Re: [PATCH] [RFC] net: bpf: make __bpf_skb_max_len(skb) an skb-independent constant

From: Alexei Starovoitov
Date: Tue Apr 28 2020 - 13:54:03 EST


On Tue, Apr 21, 2020 at 01:36:08PM -0700, Maciej Åenczykowski wrote:
> > > This function is used from:
> > > bpf_skb_adjust_room
> > > __bpf_skb_change_tail
> > > __bpf_skb_change_head
> > >
> > > but in the case of forwarding we're likely calling these functions
> > > during receive processing on ingress and bpf_redirect()'ing at
> > > a later point in time to egress on another interface, thus these
> > > mtu checks are for the wrong device.
> >
> > Interesting. Without redirecting there should also be no reason
> > to do this check at ingress, right?
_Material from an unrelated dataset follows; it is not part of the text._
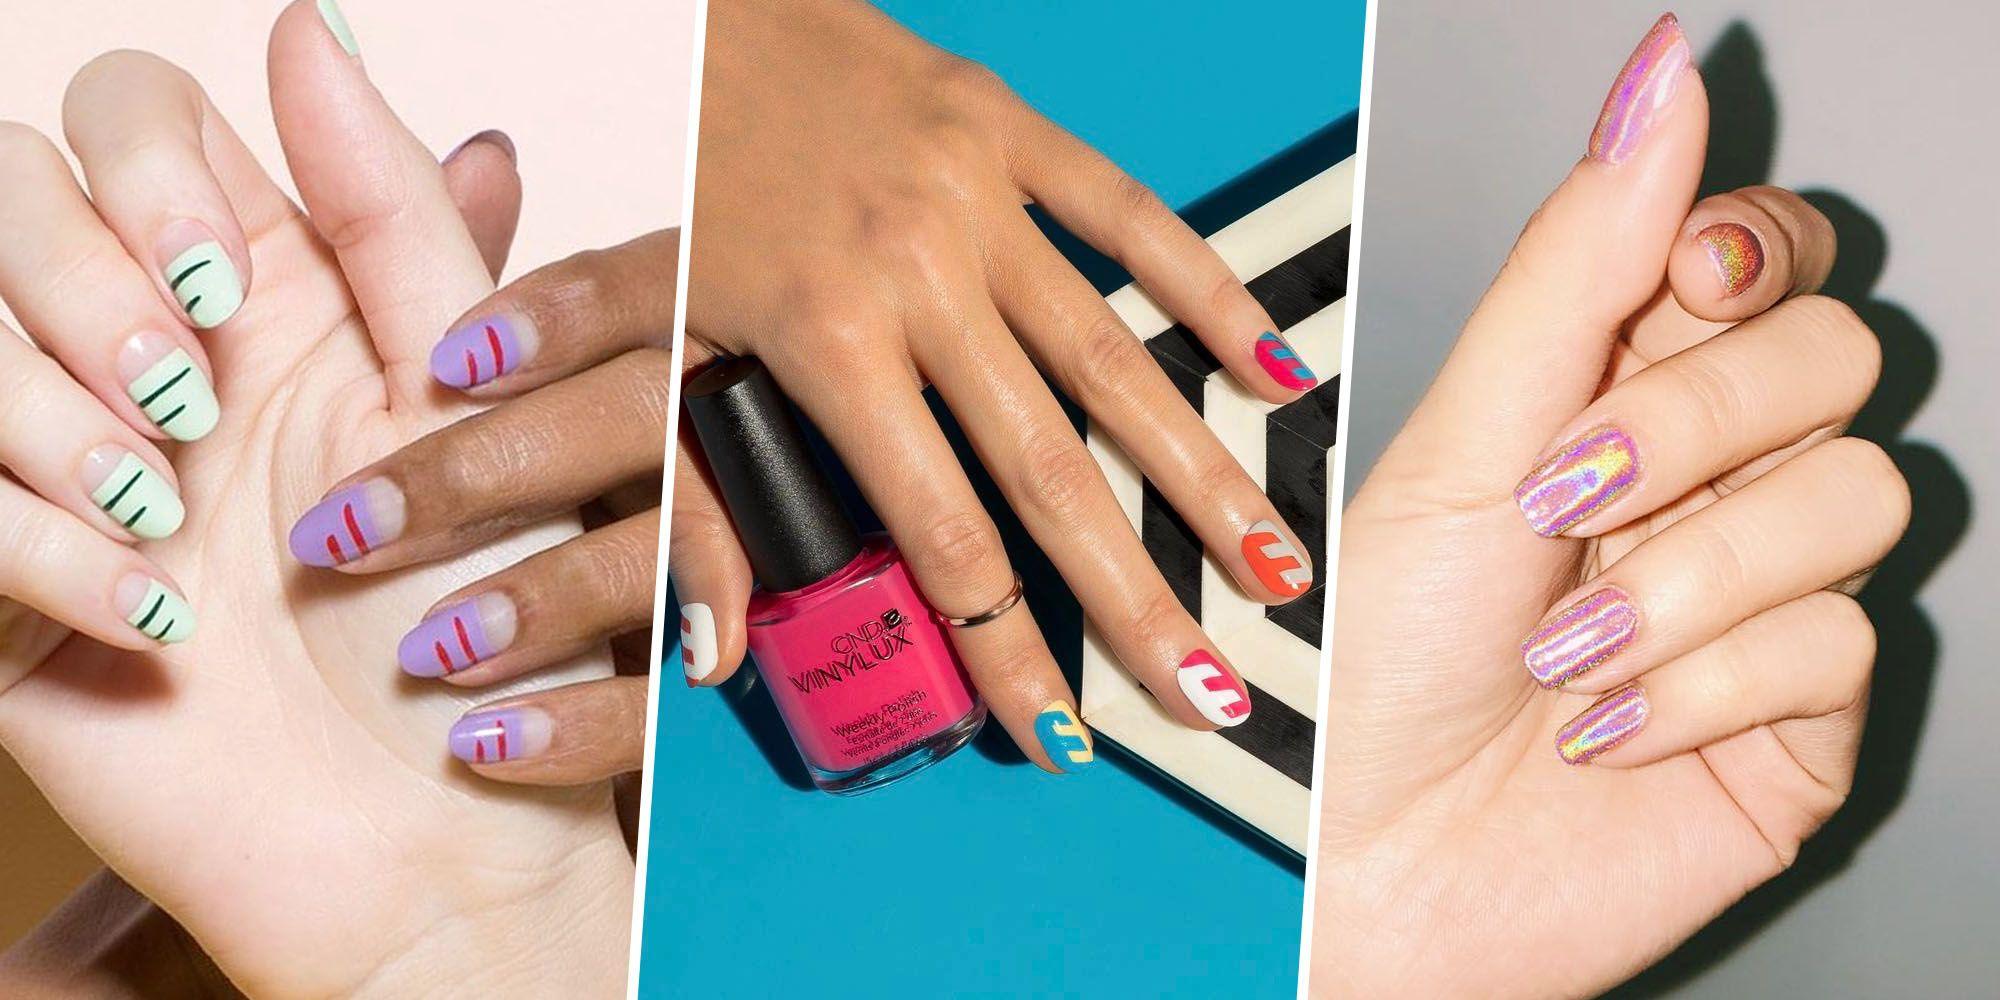 16 Creative Summer Nail Designs - 2017 Summer Nail Art Trends

So at ingress it's either
> > incorrect or unnecessary?
>
> Well, I guess there's technically a chance that you'd want to mutate
> the packet somehow during ingress pre-receive processing (without
> redirecting)...
> But yeah, I can't really think of a case where that would be
> increasing the size of the packet.
>
> Usually you'd be decapsulating at ingress and encapsulating at egress,
> or doing ingress rewrite & redirect to egress...
>
> (Also, note that relying on a sequence where at ingress you first call
> bpf_redirect(ifindex, EGRESS); then change the packet size, and then
> return TC_ACT_REDIRECT; thus being able to use the redirect ifindex
> for mtu checks in the packet mutation functions is potentially buggy,
> since there's no guarantee you won't call bpf_redirect again to change
> the ifinidex, or even return from the bpf program without returning
> TC_ACT_REDIRECT --- so while that could be *more* correct, it would
> still have holes...)

yeah. there is no good fix here, since target netdev is not known,
but dropping the check also doesn't seem right.
How about:
if (skb->dev) {
u32 header_len = skb->dev->hard_header_len;

if (!header_len)
header_len = ETH_HLEN;
return skb->dev->mtu + header_len;
} else {
return SKB_MAX_ALLOC;
}

the idea that l3 devices won't have l2 and here we will assume
that l2 can be added sooner or later.
It's not pretty either, but it will solve your wifi->eth use case?
While keeping basic sanity for other cases.